Rashi comments, “Does anyone know that his own blood is more beloved to G-d than the blood of his fellow man? The person placed in this dilemma cannot say here, ‘One must live by the commandments (see Leviticus 18:5) and not die by them.’ Scripture allowed sinning to save one’s life only because Jewish lives are precious to G-d. Here, however, another Jew is going to be killed. G-d’s commandment against murder cannot be nullified.”
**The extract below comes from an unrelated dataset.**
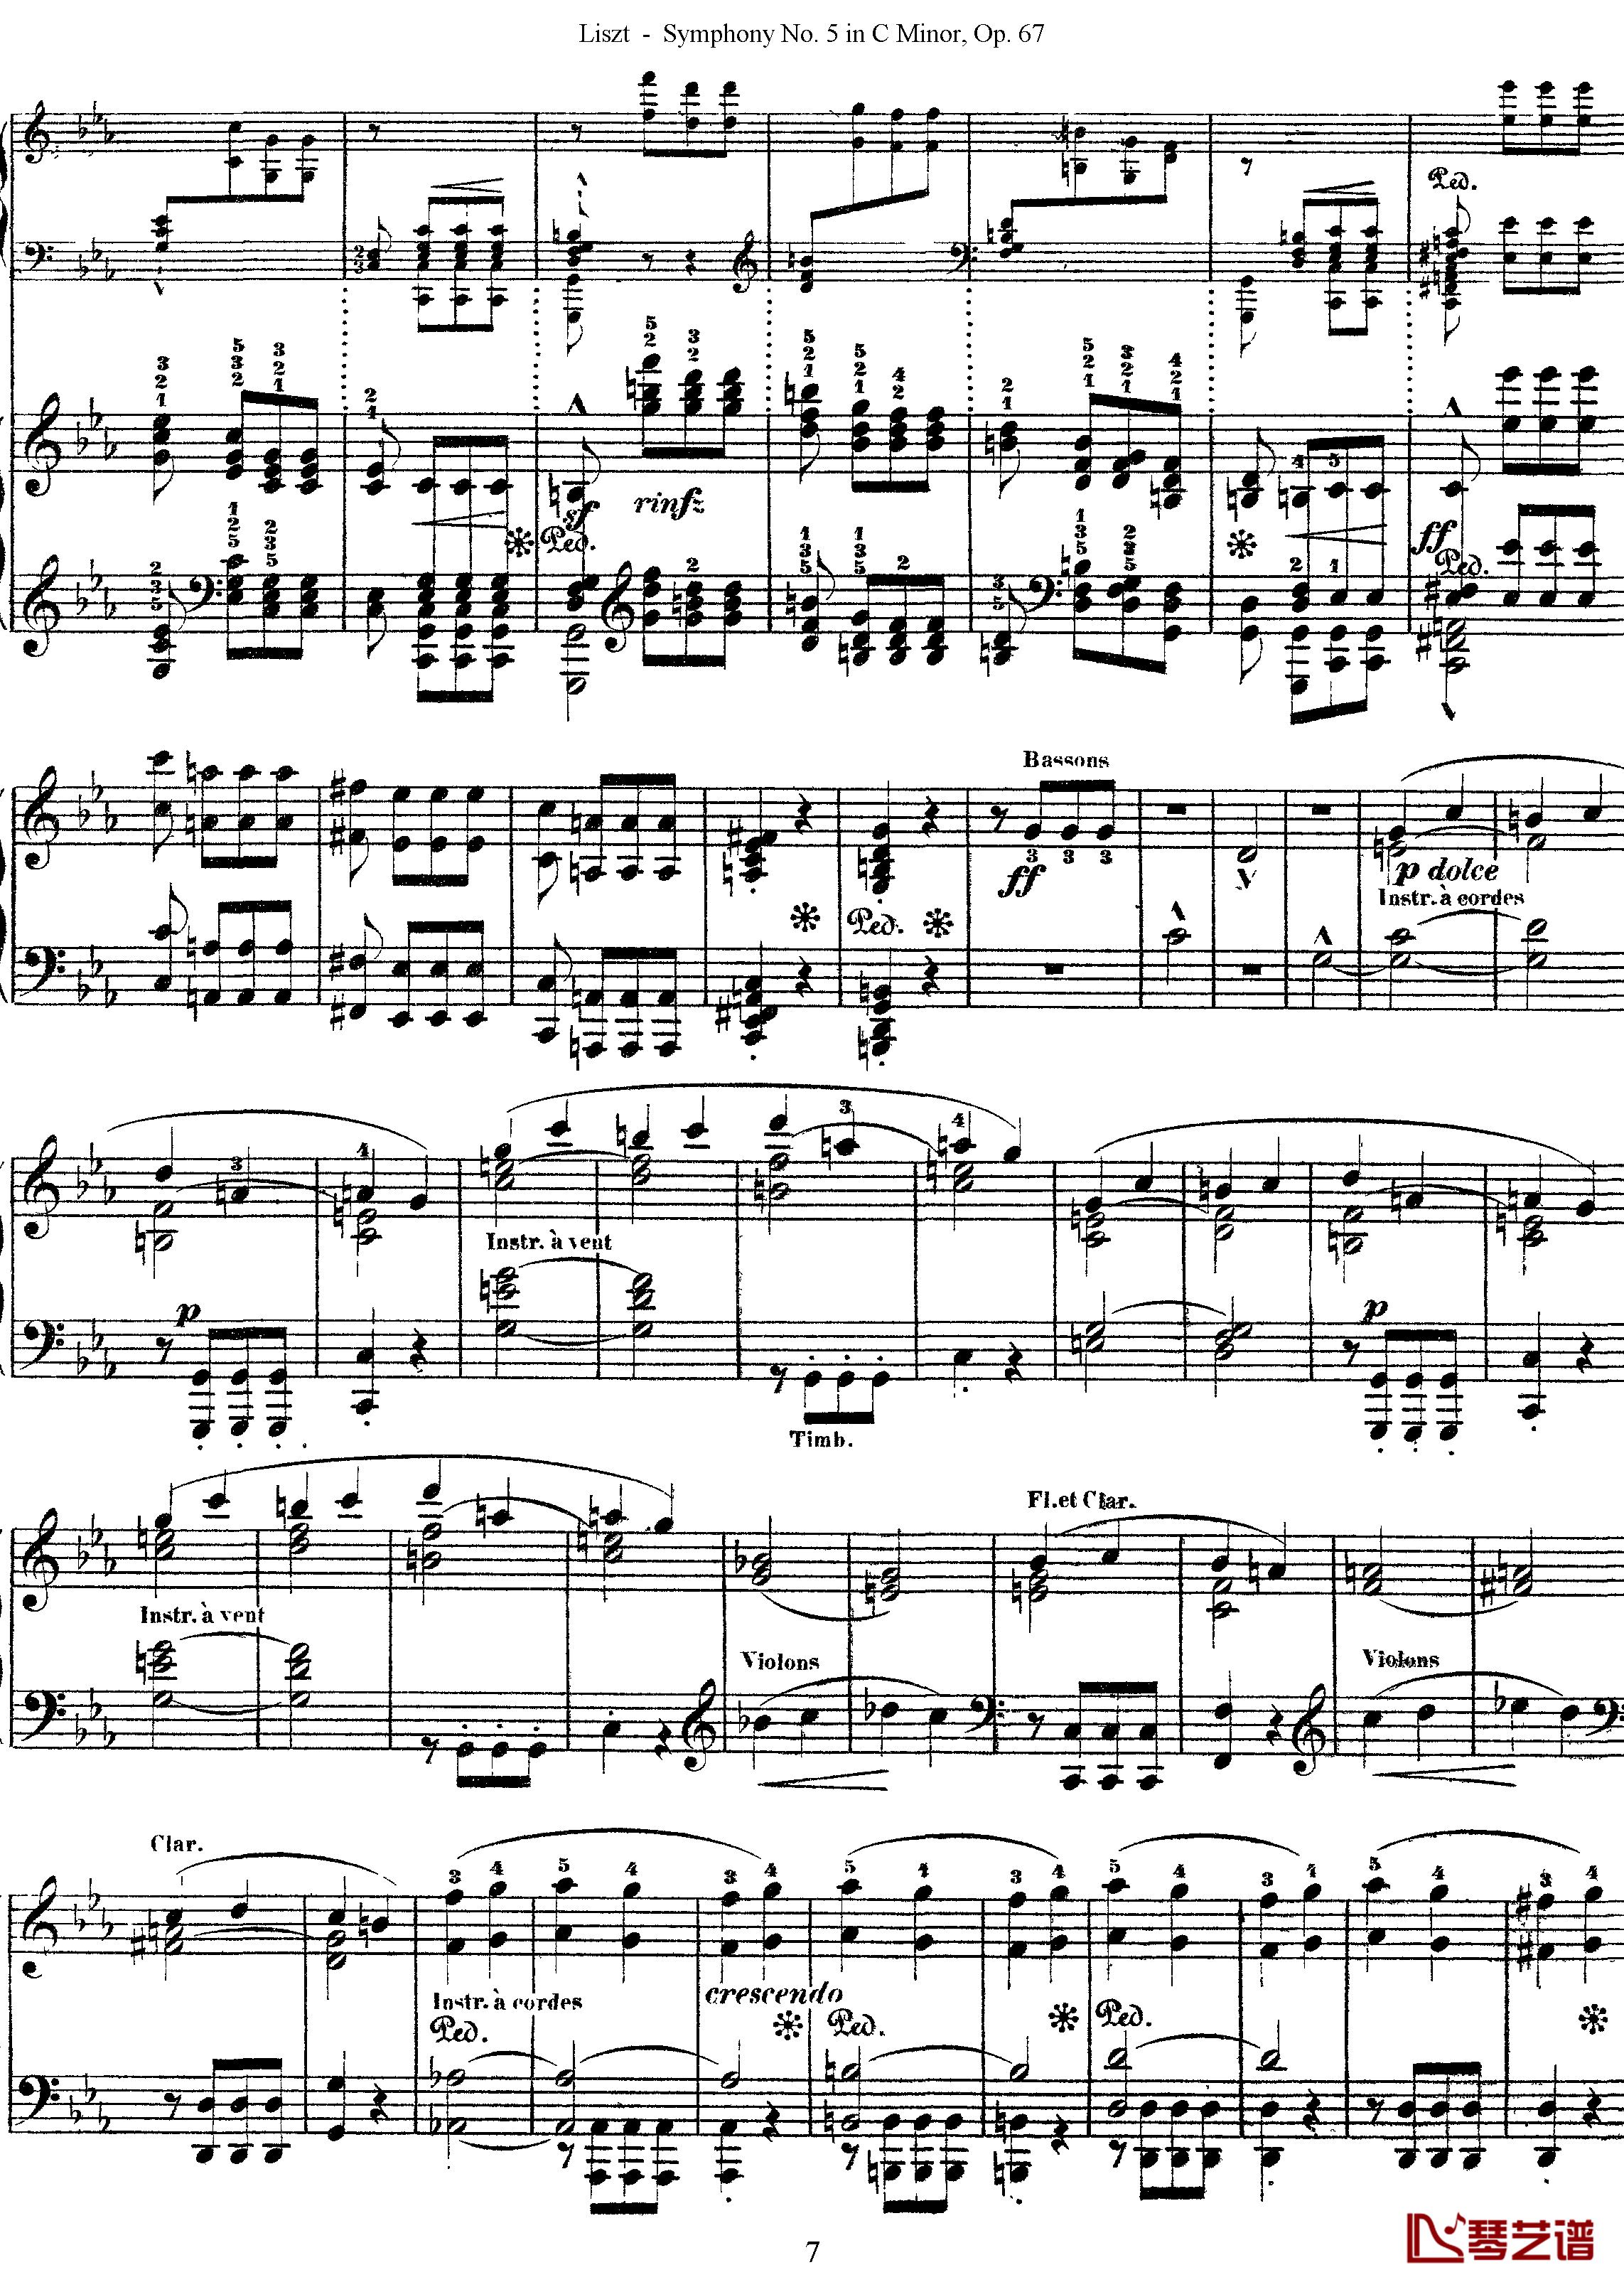 第五交响乐的钢琴曲钢琴谱-李斯特-李斯特改编自贝多芬7

Rashi makes clear that it is forbidden to kill one man in order to save another. Seemingly, according to this, we have a question against Yona who said, “Pick me up and throw me into the sea” (Yona 1:12). How can the sailors save themselves by throwing out Yona? Who says that their blood is redder than his? Yona’s having allowed them to throw him into the water is of no significance because people do not have freedom to do with their bodies what they wish (see how Rabbi Shmuel Yosef Zevin deals with the Shylock Trial in his sefer “LeOhr HaHalachah”). Hence one is forbidden to commit suicide.

In the Jerusalem Talmud, Terumot, at the end of Chapter 8, we find: “If a caravan was traveling along the way and they encountered non-Jews who told them, ‘Turn over one of your group and we will kill him. Otherwise, we shall kill you all,’ then even if it means them all getting killed, they mustn’t turn over one Jewish soul. If the non-Jews singled out one of them, such as Sheva ben Bichri, they can hand him over and avoid being killed. Resh Lakish [Rabbi Shimon ben Lakish] said, ‘This only applies where the person singled out had incurred a death penalty like Sheva ben Bichri.’ Rabbi Yochanan said, ‘It applies even if he did not incur a death penalty like Sheva ben Bichri.’”

According to the principle that “in an argument between Resh Lakish and Rabbi Yochanan, the law follows Rabbi Yochanan,” we can understand why it was permissible to turn someone over to be killed if he was singled out, even if he hadn’t incurred a death penalty. Since Yona’s presence on the boat endangered everyone, throwing him into the sea was in accordance with the law. Yet Rambam (Yesodei HaTorah 5:5) ruled like Resh Lakish and wrote, “If they singled someone out and said, ‘Hand him over or we will kill you all,’ if he had incurred a death penalty like Sheva ben Bichri, he must be turned over. All the same, we do not instruct them, a priori, to do so. Moreover, if he has incurred no death penalty, all of them must be killed rather than handing over a Jewish soul.”

According to this Rambam, we can seemingly ask why Yona was thrown into the sea. It is true that Rambam ruled there (9:3), “If someone represses his prophecy, he incurs a death sentence from heaven.” Yet the Talmud stressed that the person to be handed over had to have incurred a death penalty like Sheva ben Bichri, i.e., a human death penalty, and we lack the authority to kill someone who has incurred a heavenly death penalty. Thus, his blood is no red than that of others.

Perhaps the two cases are distinguishable. In the Jerusalem Talmud, the person in question was there beforehand, and had performed no act for which the non-Jews were threatening to kill them all. Thus, having incurred no death penalty, there was no license for handing him over in order to save others. By contrast, in the case of Yona, since he knew he had incurred a heavenly death sentence, having run away and suppressed his prophecy, why did he come to their boat, thereby endangering all the people on it? In that case, therefore, it was certainly permissible for them to save themselves through his death, in the framework of, “If someone attacks you to kill you, kill him first.”

Proof that we can distinguish in this way can be brought from the case of Samson (Judges 15). After he smote the Philistines and fled to Yehuda, the people of Yehuda, after arguing the case, bound him up and turned him in to the Philistines because he had come to them. Ohr Sameach explains their having handed over Samson, despite his having incurred no death sentence, as being due to his having endangered the public. In this he was referring back to Rama (Choshen Mishpat 425:1): “Whoever endangers the public, such as one who makes counterfeit money in a place where the government objects to that, his law is that of a “rodef”, one who pursues with intent to kill, and he can be handed over to the kingdom.”